CorVel also cut staff, mostly by attrition, but some of the cuts came from paring back in its branch offices. At its peak, CorVel employed 3,500; today, its head count stands at approximately 2,600.

But those cuts could have been much deeper had Clemons decided to eliminate branches and centralize operations. Instead, CorVel invested in technology to make its 120 branches more efficient. It converted from paper processing to document management and implemented a substantial amount of artificial intelligence to manage and automate the work flow in the business.

Face-to-face contact has proven to be a competitive advantage and branch offices are a key component.

“We still believe in a field sales force and field branch offices, so we still have the largest number of branch offices of anybody in our industry, and the others have gone to centralized operations,” Clemons says.

“The value of having a branch office in Syracuse is that we sell to people in Syracuse.”

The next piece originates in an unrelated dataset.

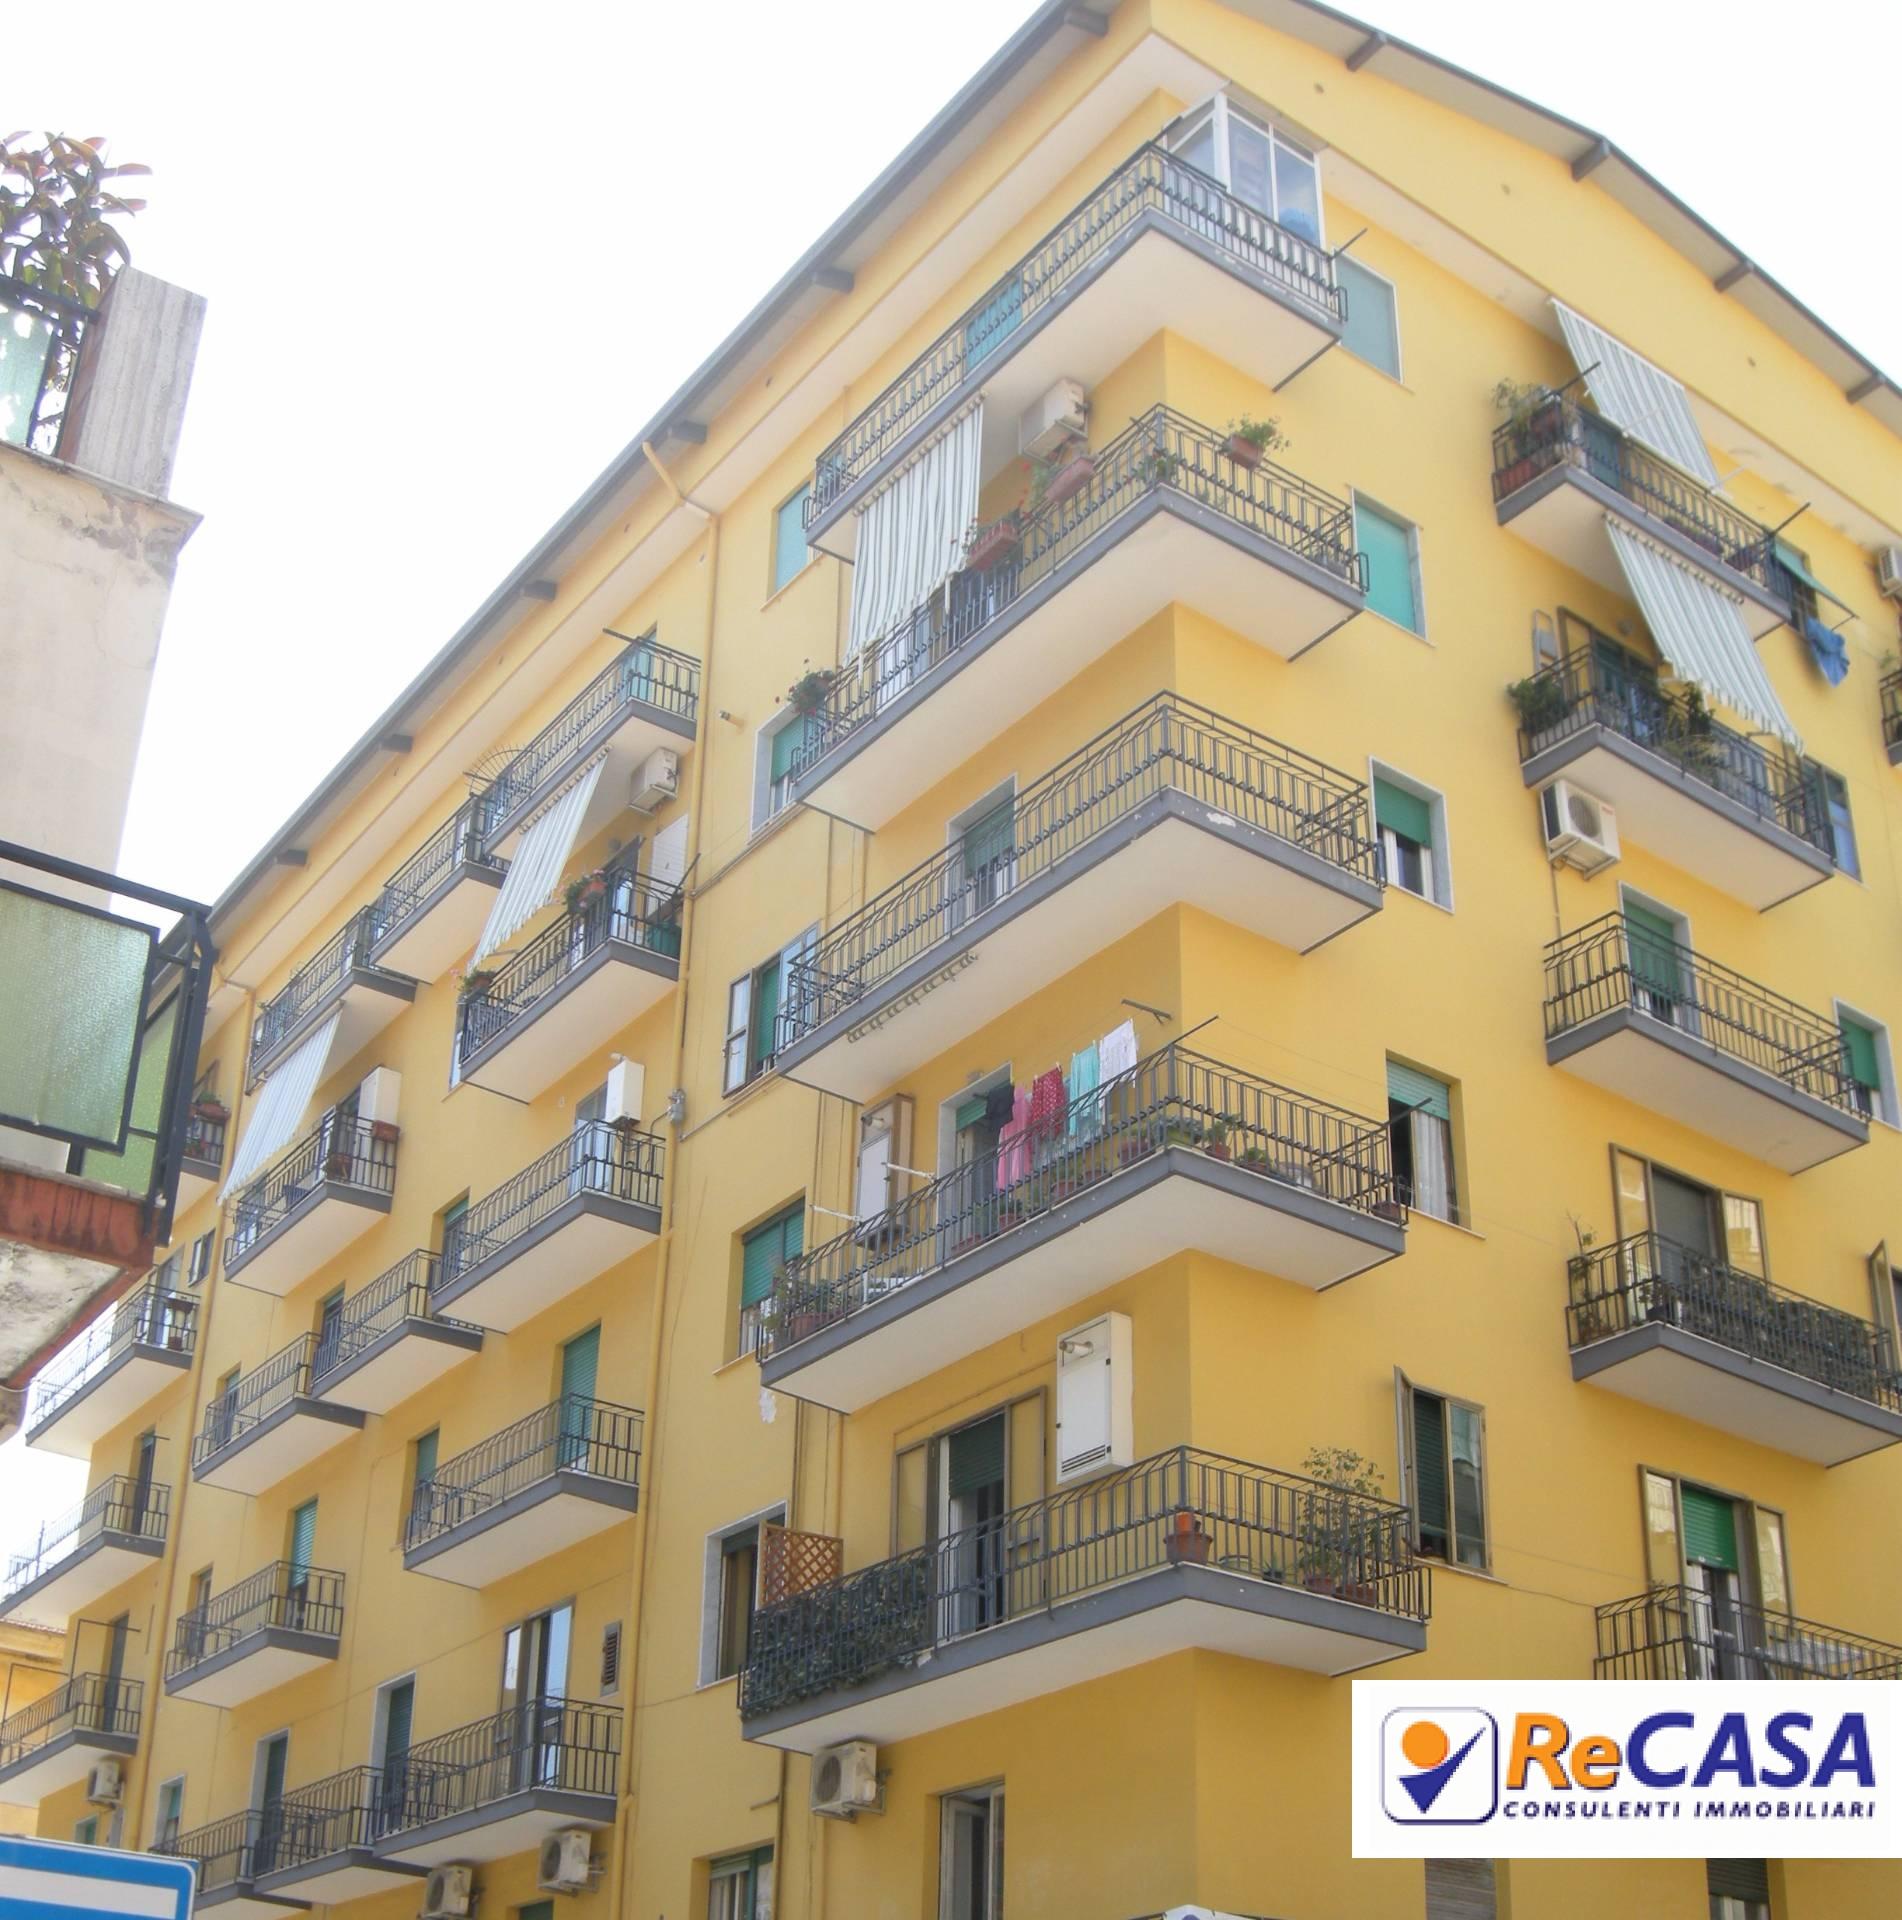 Appartamento in vendita a Battipaglia, 2 locali, zona Località: centro, prezzo € 99.000 | Cambio Casa.it

Clemons decided that CorVel had to stop chasing low-margin business to catch market share. Instead, some customers had to go.

The company gave up trying to hold price down to hang on to volume. Half of its business is a commodity called case management, and Clemons says he just accepted that the company had reached a point where it had to raise prices to get adequate margins, even if it meant losing some customers.

“We started to, for the first time in our history, accept that there were some customers we couldn’t afford to service,” Clemons says.

While Clemons has to be cautious about making predictions about CorVel’s future performance — Sarbanes-Oxley is still in play, after all — he has reason to be optimistic. While revenue for fiscal 2006 was down to $267 million from $291 million the previous year, net income dropped only $368,000 compared with the $6 million it had fallen the year before, and gross profit increased 1.6 percent.

The third and fourth quarters produced earnings per share that were improvements over comparable periods in 2005.

Says Clemons, “I think we’re headed toward a time where we are going to feel at the other end that we’re glad we stuck it out.”